• **DATA EXTRACT**
◆ ◆ ◆ ◆ ◆

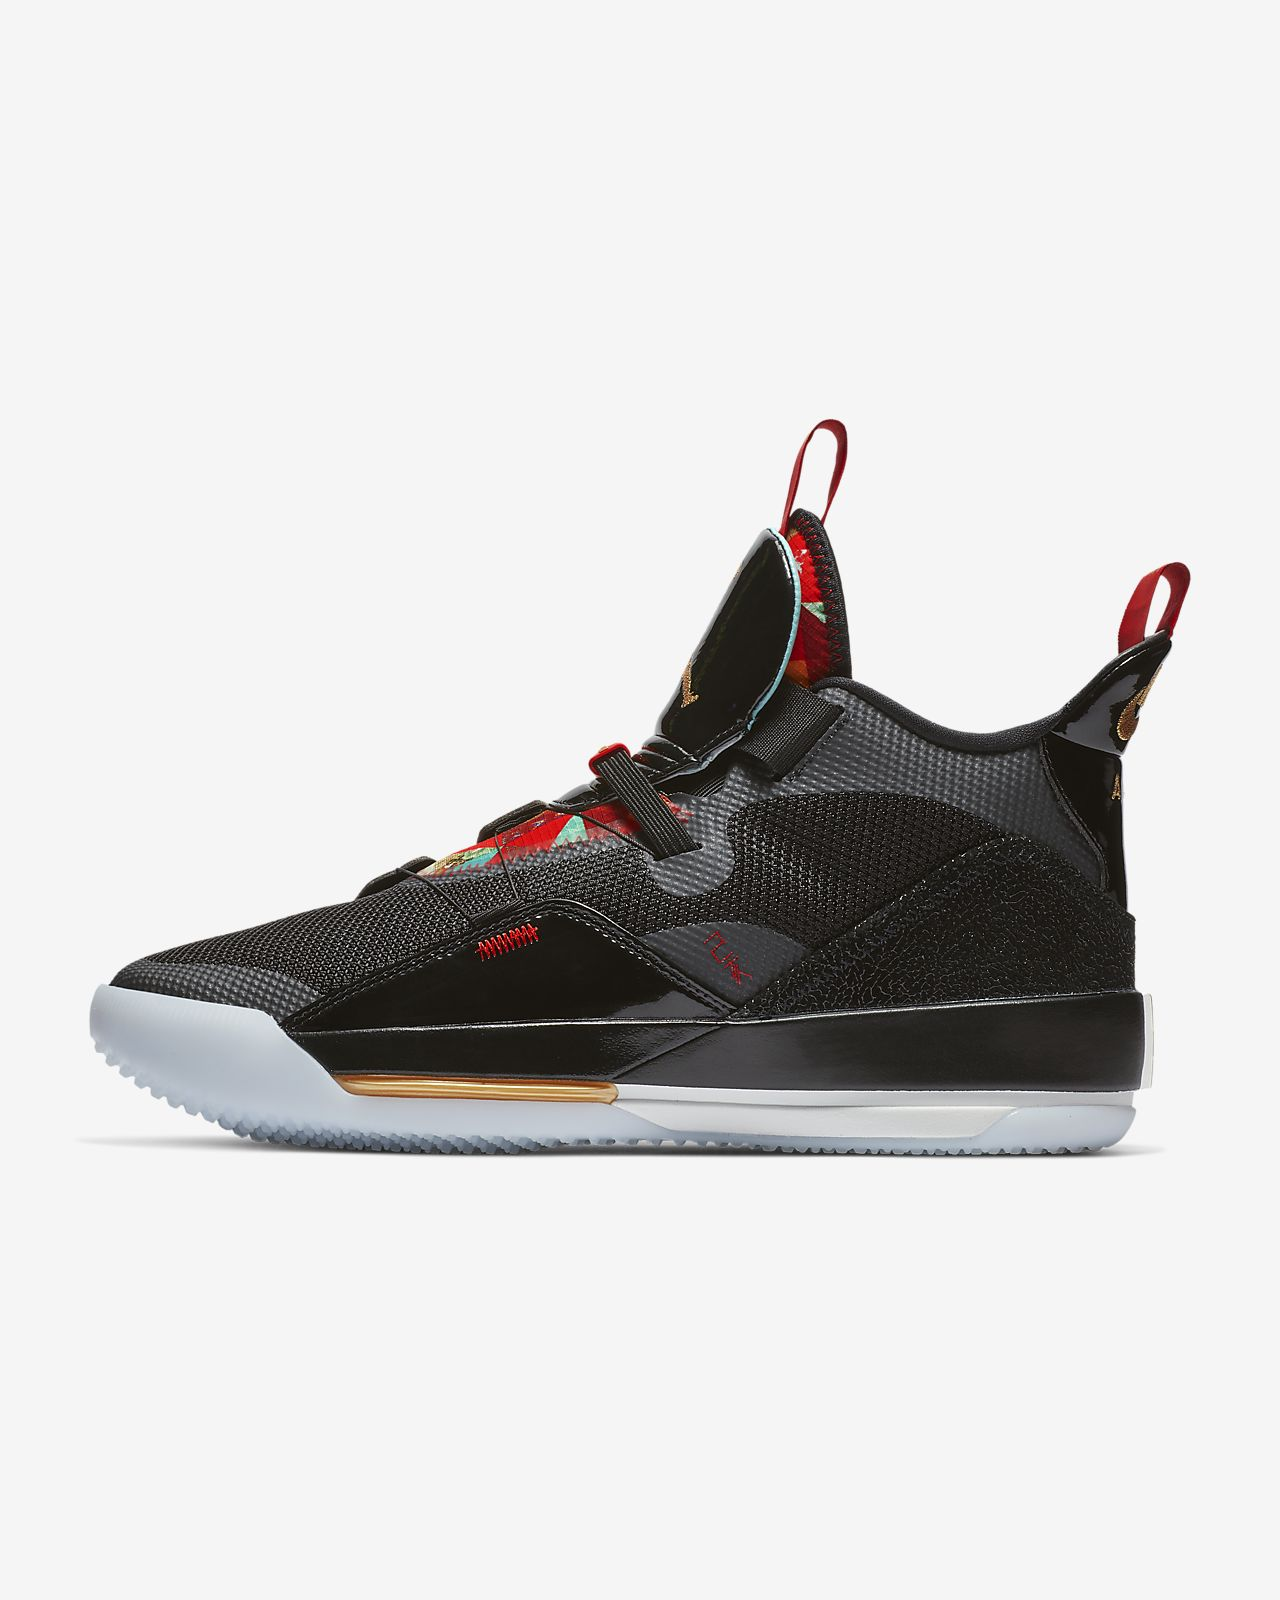 28537b10 Low Resolution Air Jordan XXXIII Zapatillas de baloncesto Air Jordan XXXIII  Zapatillas de baloncesto
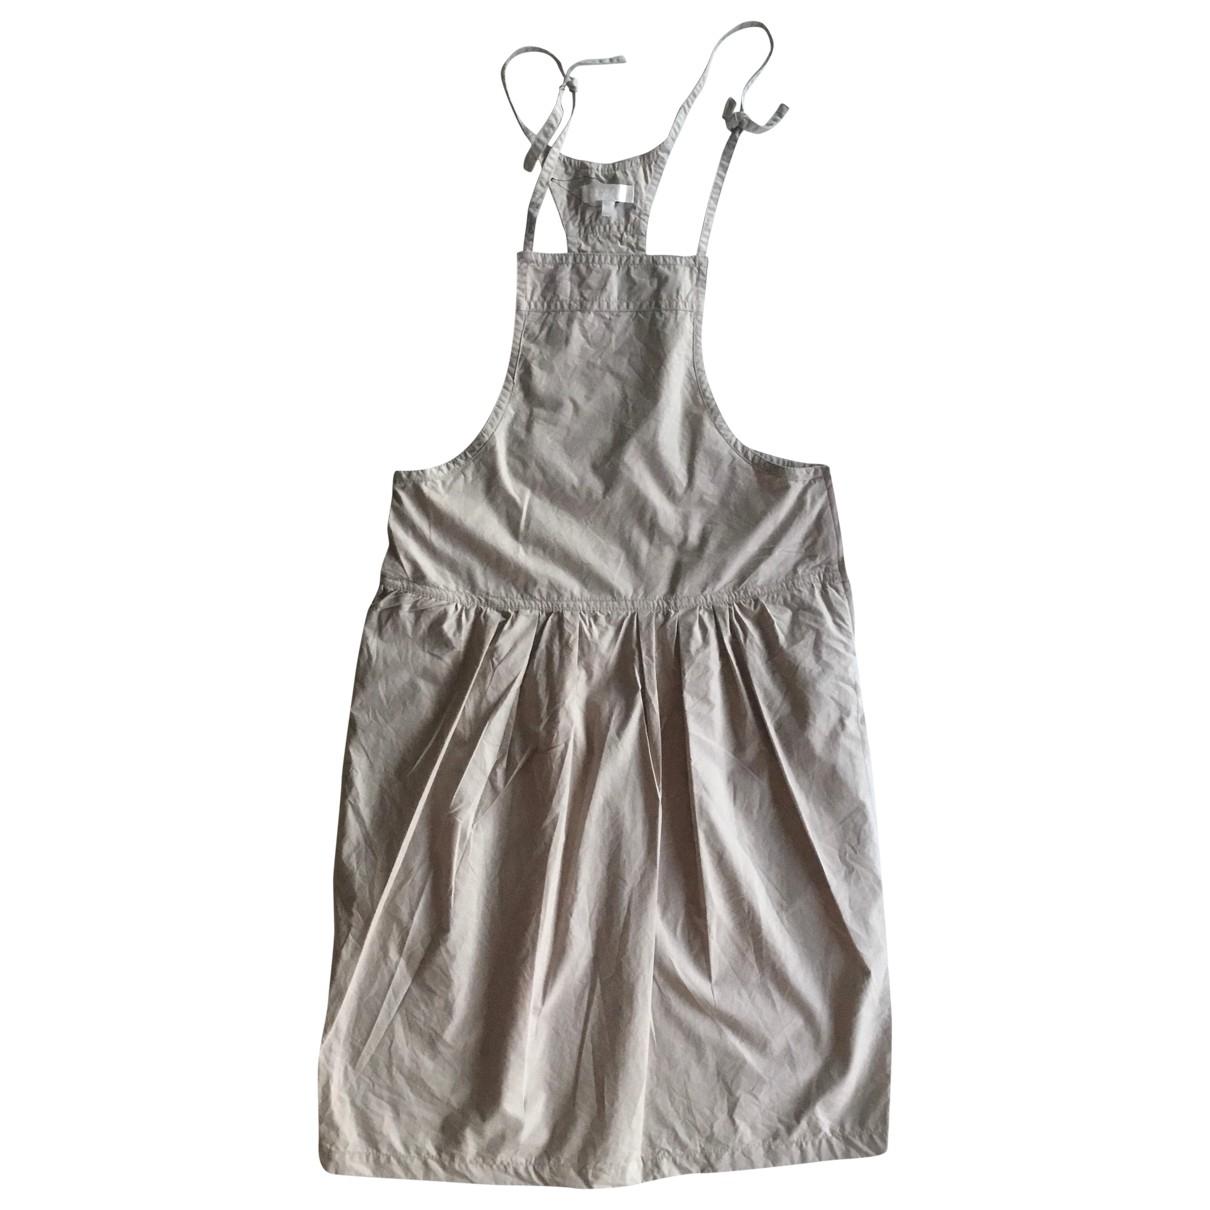 Claudie Pierlot \N Ecru Cotton dress for Women 1 0-5
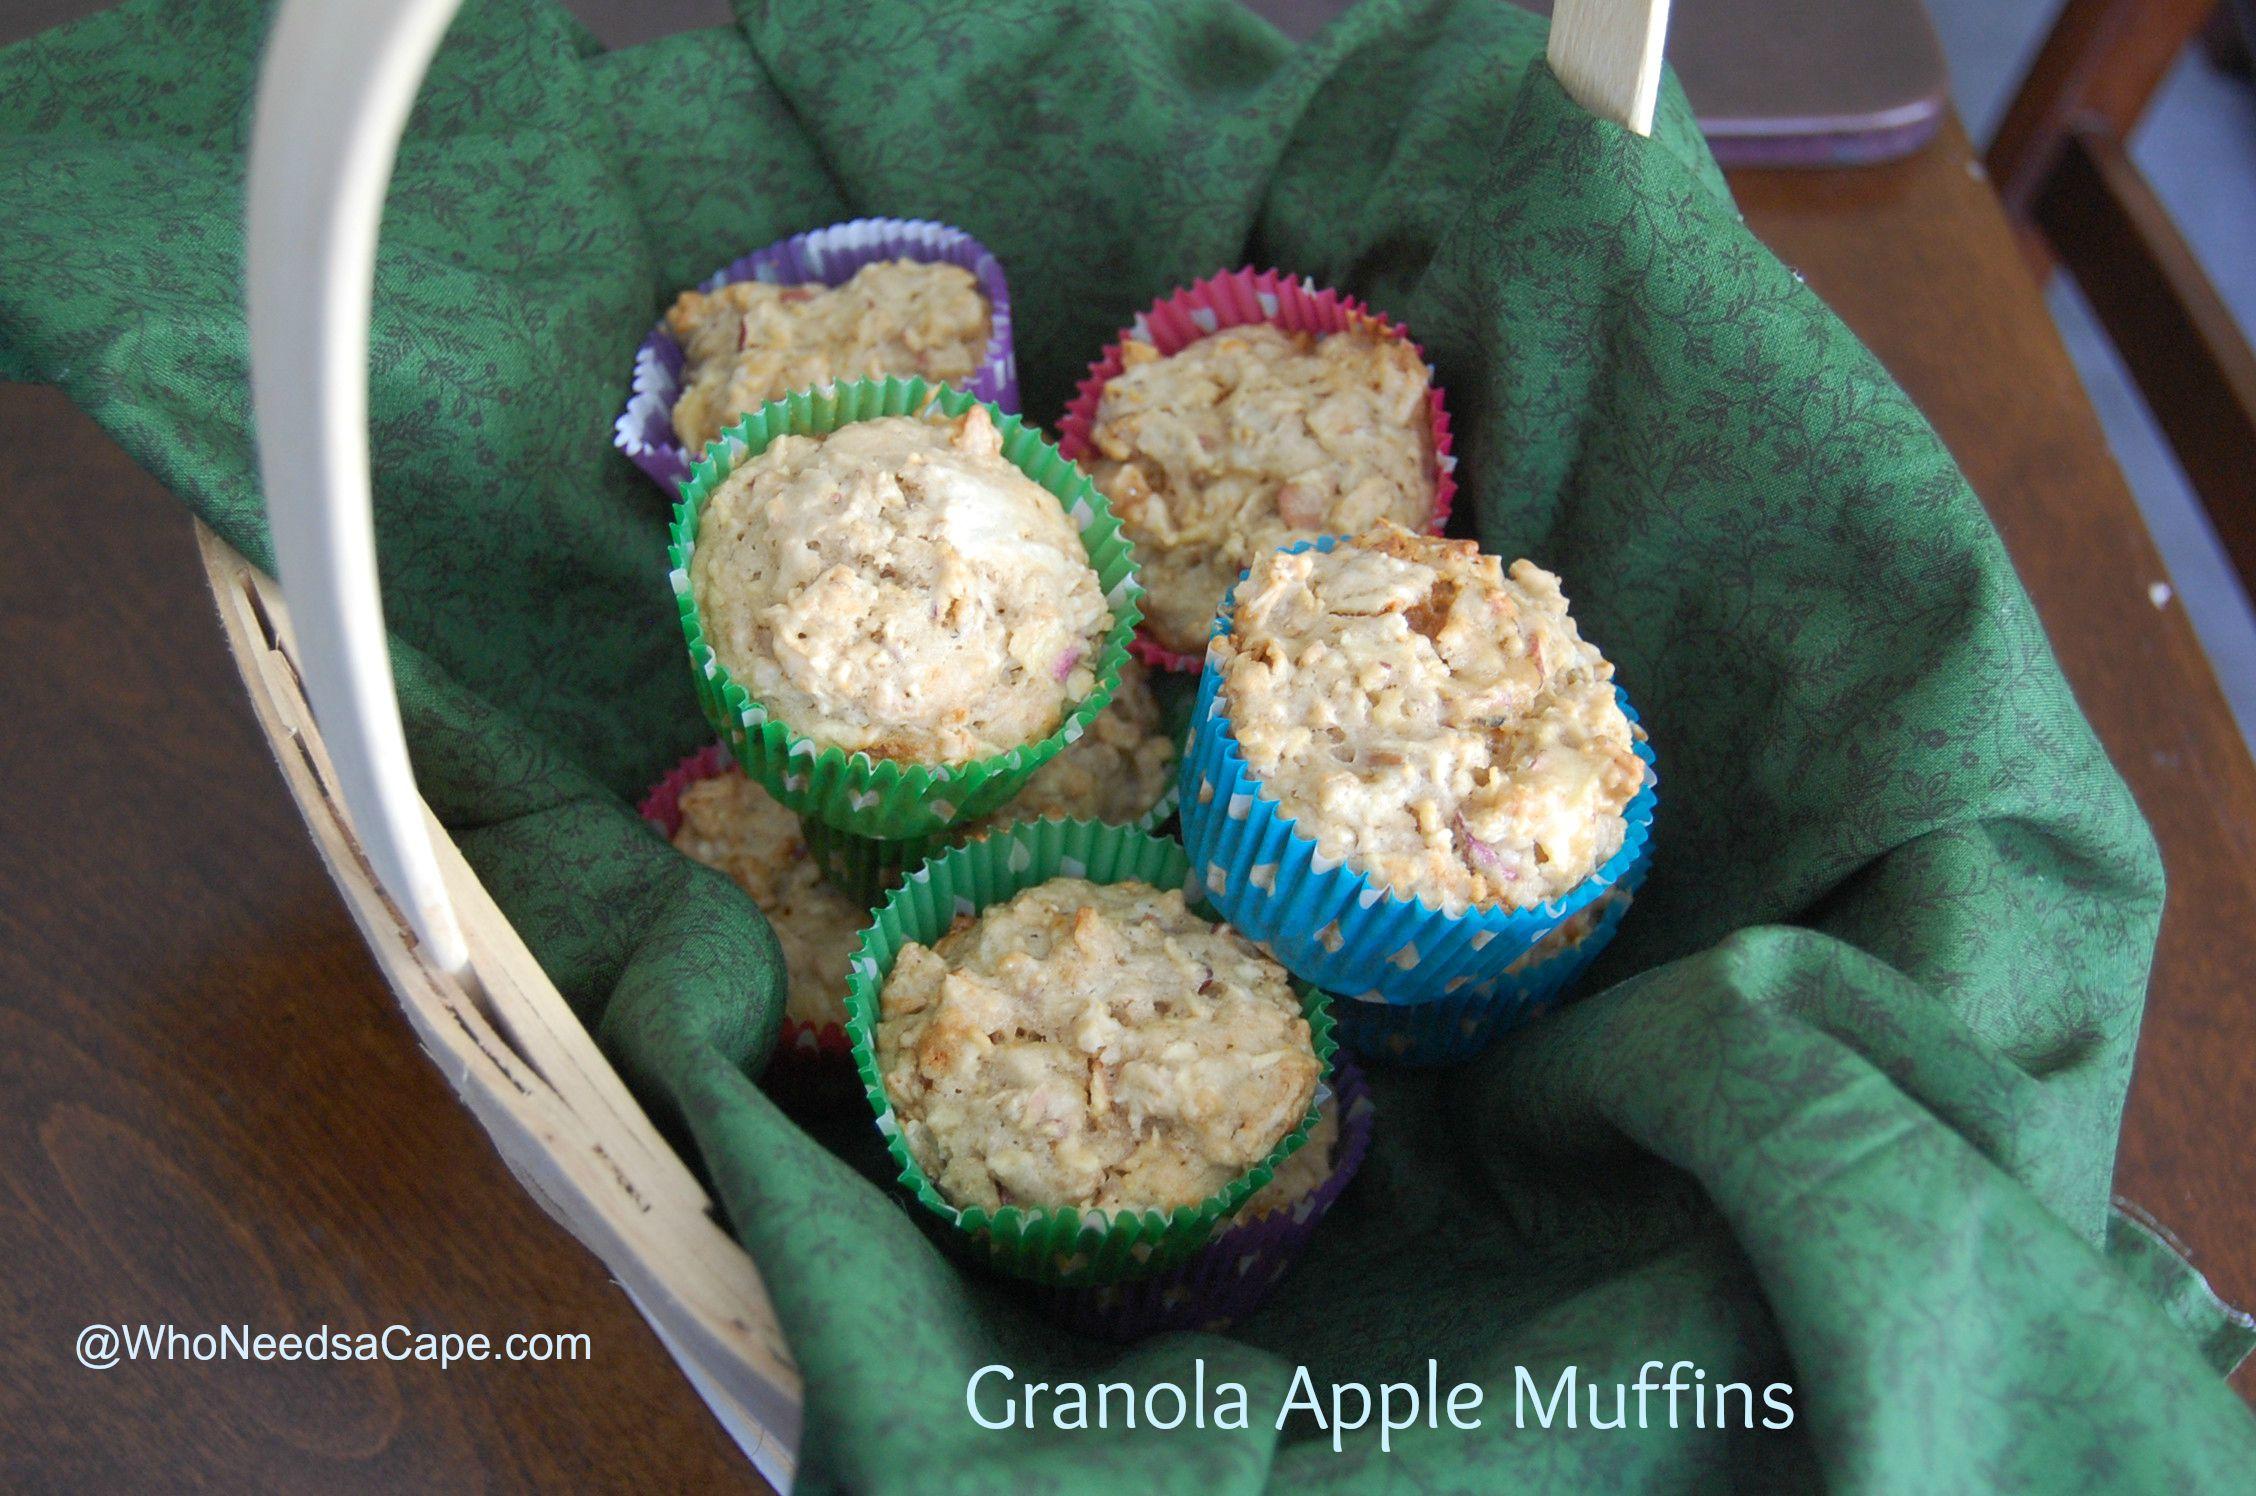 Granola Apple Muffins

◆ ◆ ◆ ◆ ◆

• **WORK TO COMPLETE**
Take the lines from the one that contains "Claudie Pierlot \N" down to the last line of the listing above, both included, and set them down exactly, leaving out pictures.

• **RESPONSE AREA**
 Claudie Pierlot \N Ecru Cotton dress for Women 1 0-5
 Granola Apple Muffins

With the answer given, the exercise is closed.